Even though powder-bed based ALM may be the unique process able to print controlled porosity parts (filter elements, fluid permeable components), most developments (process and powders) have been focused on getting denser materials to maximize material properties and minimize defects generation (including micro-porosity and lack of fusion between neighboring layers).

In order to produce parts with higher density in combination with low surface roughness, one needs to optimize the most influencing parameters for a specific material, which can be divided into four groups:

  • Material specific parameters (grain shape, size, distribution, flowability, etc.),
  • Laser parameters (laser beam power, spot size, focal point, etc.),
  • Scan parameters (scan velocity, hatch distance, etc.),
  • Environmental parameters (protective gas atmosphere, ambient temperature, O2 level).

 

Generally, the densities reachable with ALM are similar or better than those attained with metal injection molding or casting. ALM parts can reveal a density higher than 99.5% and defects usually smaller than 50 µm (<100 µm for IN718). While a residual porosity can’t be avoided in ALM powder bed based processes, it can still be minimized.

It is noteworthy that material’s heterogeneity, thus porosity, has a very detrimental influence on fatigue resistance because of a higher likelihood of crack initiation at pores close to the part surface and subsequent propagation. More moderately, others mechanical properties (yield strength, corrosion resistance, ductility) are also sensible to density.

What is fatigue? Each material has a specific weakening behavior when exposed to repeatedly applied loads, which is called fatigue. In the case of Fe or Ti based alloys, it is possible to determine the fatigue limit below which fatigue failure should never occur.

Example of a generic fatigue S-N curve.

Powder quality must be considered first…

Powder quality has a significant impact on the ability to produce components that meet stringent specifications consistently. The powder layer density should be as high as possible in order to produce dense parts with high scan velocities and therefore with high productivity. The density of a powder layer is particularly dependent on the particle shapes, sizes or more exactly size distributions.

Particle shape influences porosity because a greater deviation from spherical shape leads to a lower density, thus more porosity. Additionally, spherical shape also offers better flow properties during recoating.

Particle size defines how easily it melts and the final pore size. While a fine powder granulation generally leads to better densities and surface qualities than a coarser material, a particle size distribution has to be qualified against the background of the layer thickness selected.

In all cases, the “effective” (tapped) powder layer thickness should be relatively higher than the diameter of most of the powder particles, allowing most of the particles to be deposited within it.

A sufficient amount of fine particles is also necessary, to fill the voids between the coarser grains. However, should the amount of fine particles (about 5μm or less) be too high, their tendency to form low density agglomerates (owed to electrostatic forces) eliminates their positive effects of filling up voids and thus it becomes difficult to create appropriate, homogeneous powder layers with a high density.
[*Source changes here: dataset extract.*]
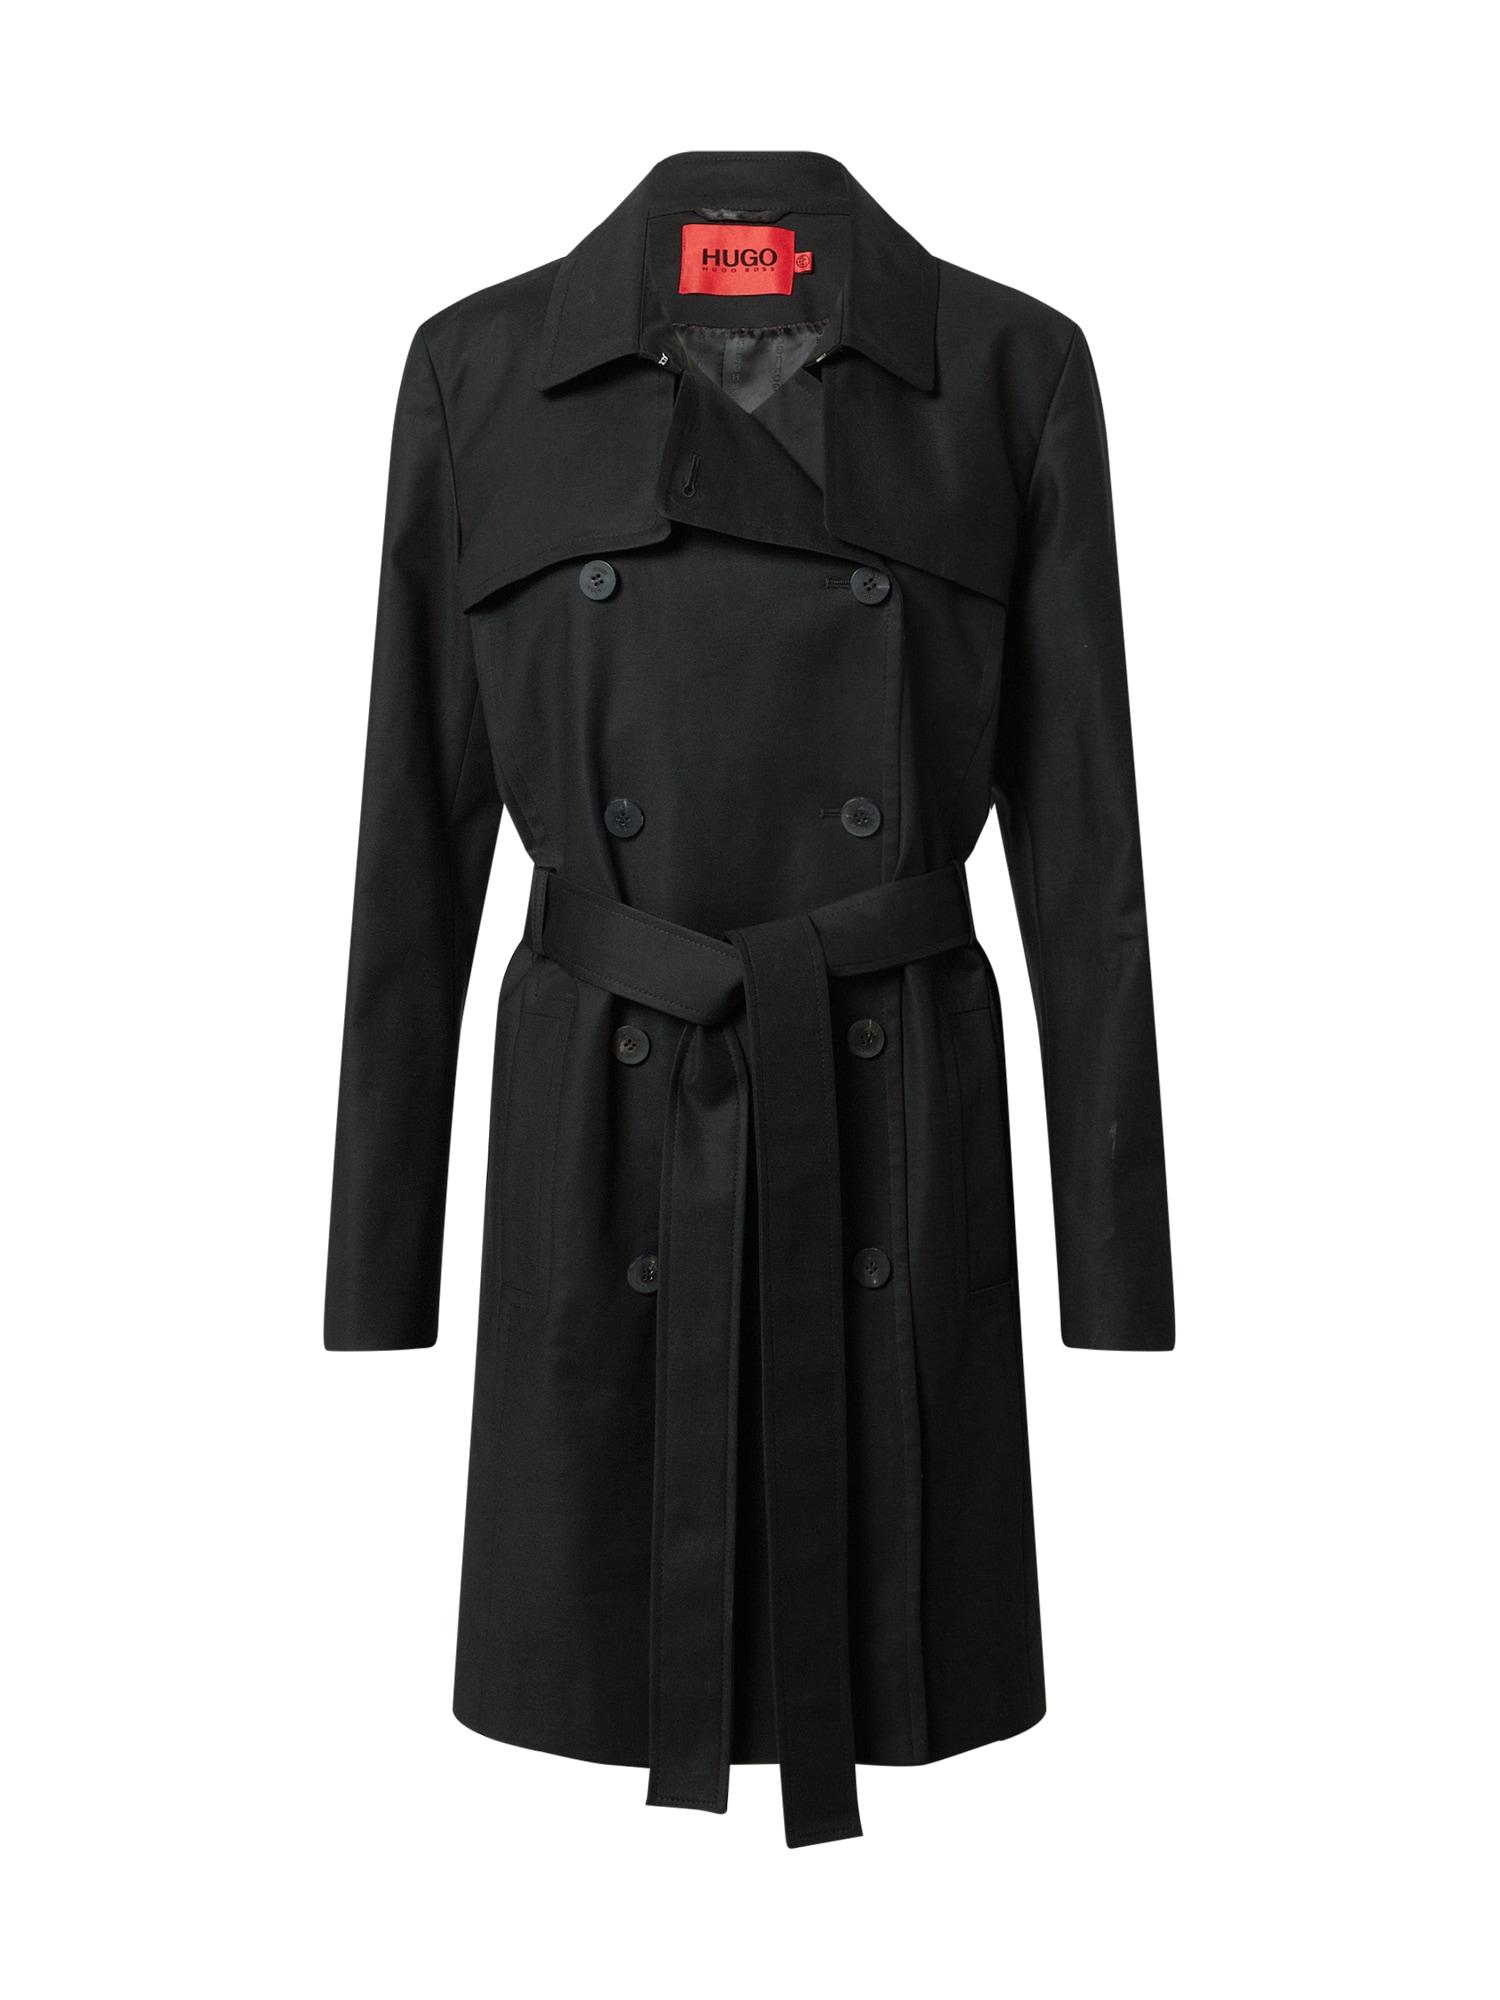 HUGO Demisezoninis paltas 'Makaras-2' juoda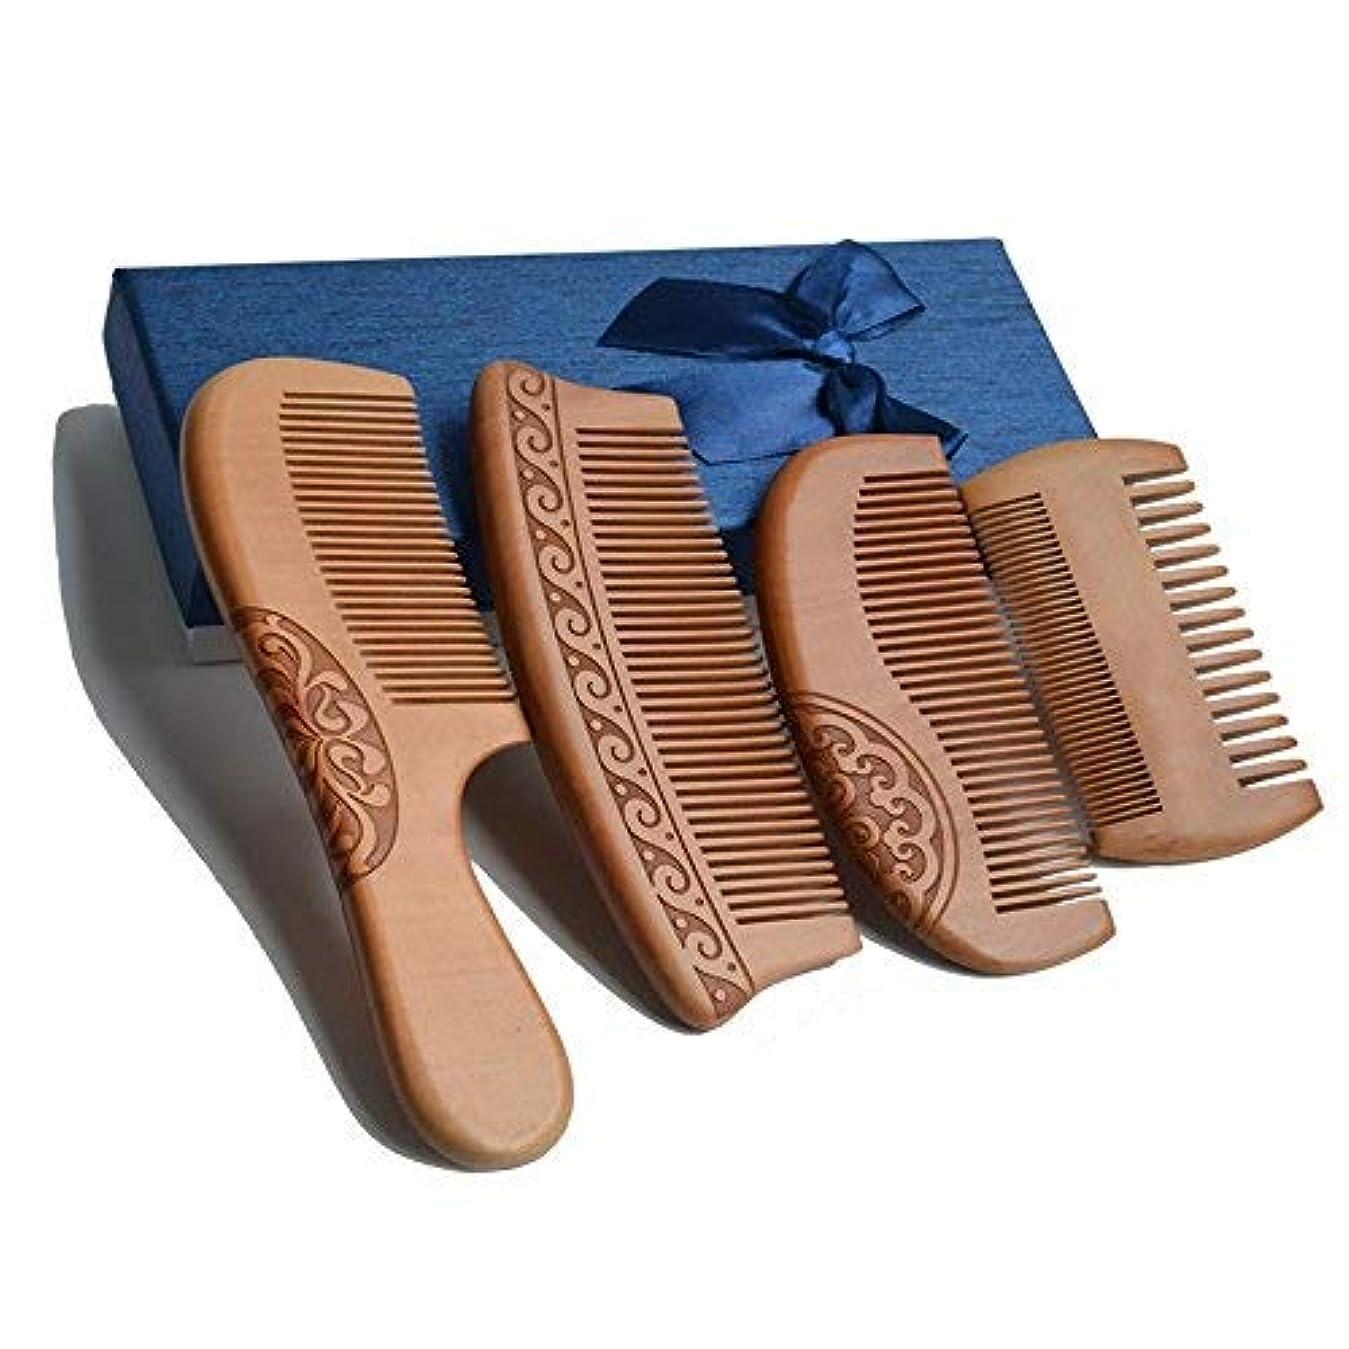 4Pcs Wooden Hair Comb No Static Hair Detangler Detangling Comb with Premium Gift Box [並行輸入品]

…And "build" parameters thoroughly adjusted…

Although it is possible to get high-density parts from different types of powders, the "build" parameters must be adjusted accordingly, affecting the productivity (speed).

When the laser is scanning the powder layer surface, a certain degree of "re-melting" is inevitable within the last few layers deposed but, correctly adjusted, it can help increase the density by removing aligned porosity or some irregularity.

The extend of "re-melting" depends of the laser power density, the scan speed and the heat evacuation rate of the partly-built part. For a given power and heat extraction, while highest speeds result in insufficient melting, the metal density decreases at lowest speeds due to voids created when the laser enters "keyhole mode" and drills into the layer.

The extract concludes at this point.